AD200910706259948AR
AD200910706259948AR

Adventurers stuck in the doldrums



DUBAI // By now, the adventurers should have been speeding along the ice, their faces whipped by the wind as they kite-skiied north towards the Arctic Ocean. But after making good time at the start of the week, Adrian Hayes and his teammates, Devon McDiarmid and Derek Crowe, have "hit stalemate" and spent the past few days clawing their way forwards on foot as the cold, downward katabatic winds needed to propel them along the last half of their journey continue to elude them.
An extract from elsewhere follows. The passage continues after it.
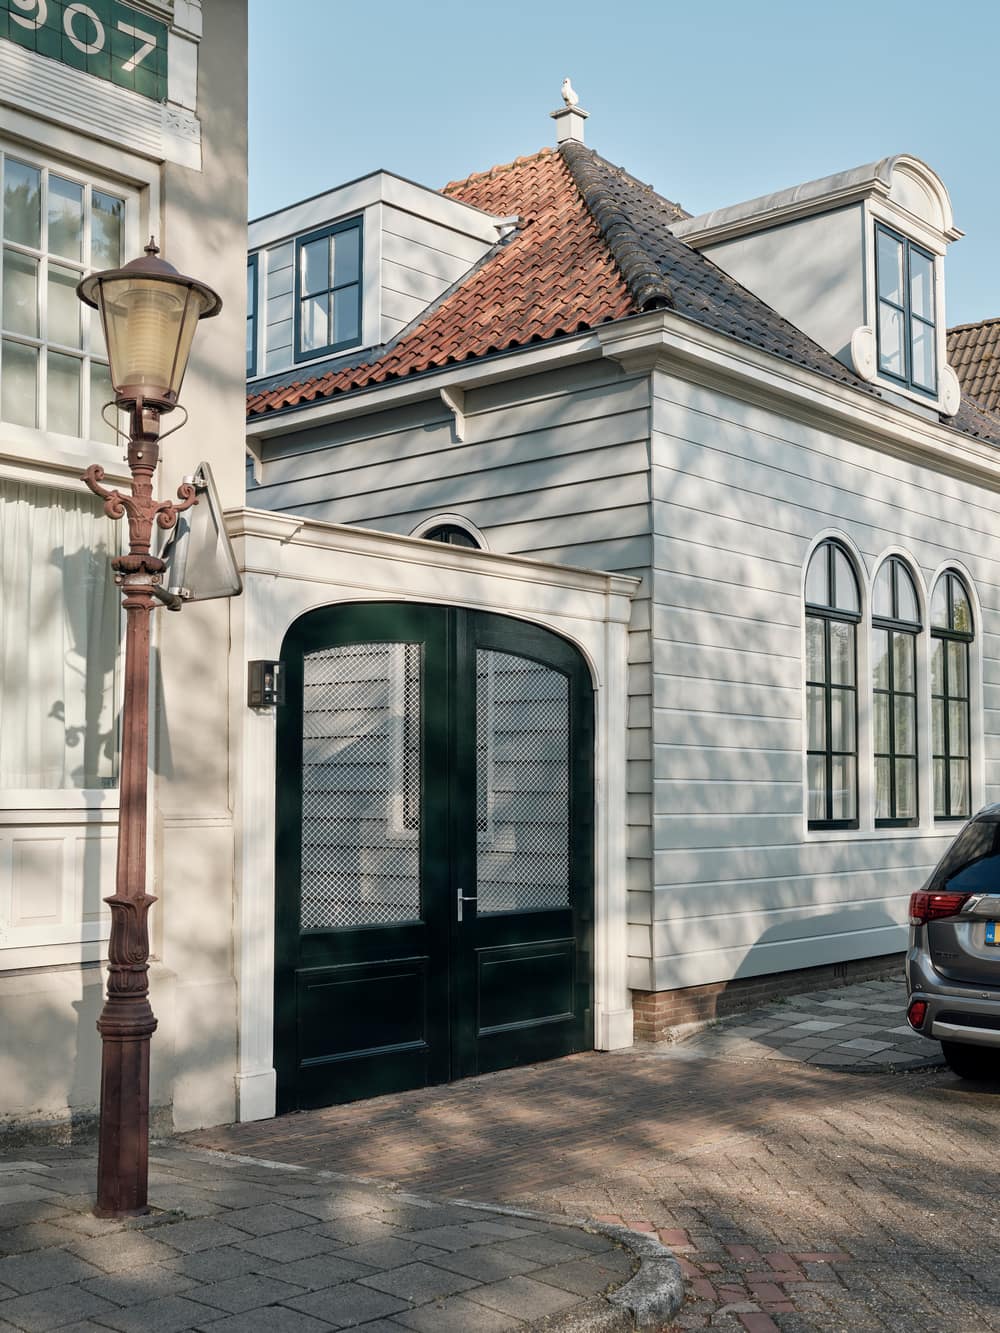 Home Dijkhuis in Amsterdam by Studio Modijefsky

Forecasts from their meteorological adviser, Marc de Keyser, suggest good winds will begin on Sunday about 250km north of their current location - now all they need to do is get there. No easy task, Hayes said yesterday, when you are pulling 90kg sleds behind you. "There is no way we can do that in four days but we will try and do a little bit," he said. "We will get up as far as we can. It gets us out of the tent and gets us some exercise."

When the wind will not co-operate, he added, movement becomes incremental. "We did 185km one day and the next day we packed our tents up and managed about 185 metres," he said. "We literally could see our campsite. The wind died. We spent the rest of the day sitting. The next day was bad so we were sitting again. We then had a day where we managed a little bit and then we had this forecast of four days of stillness."

But they will try to press forward on foot until the westerly 10- to 15-knot winds arrive on Sunday. Hayes and McDiarmid are used to trekking along icy regions - they were part of a team that 18 months ago trekked to the South Pole unassisted - but to trek the remaining 500km to the Arctic Ocean, at the pace at which they completed the South Pole expedition, would take about 30 days. It is time the trio simply do not have.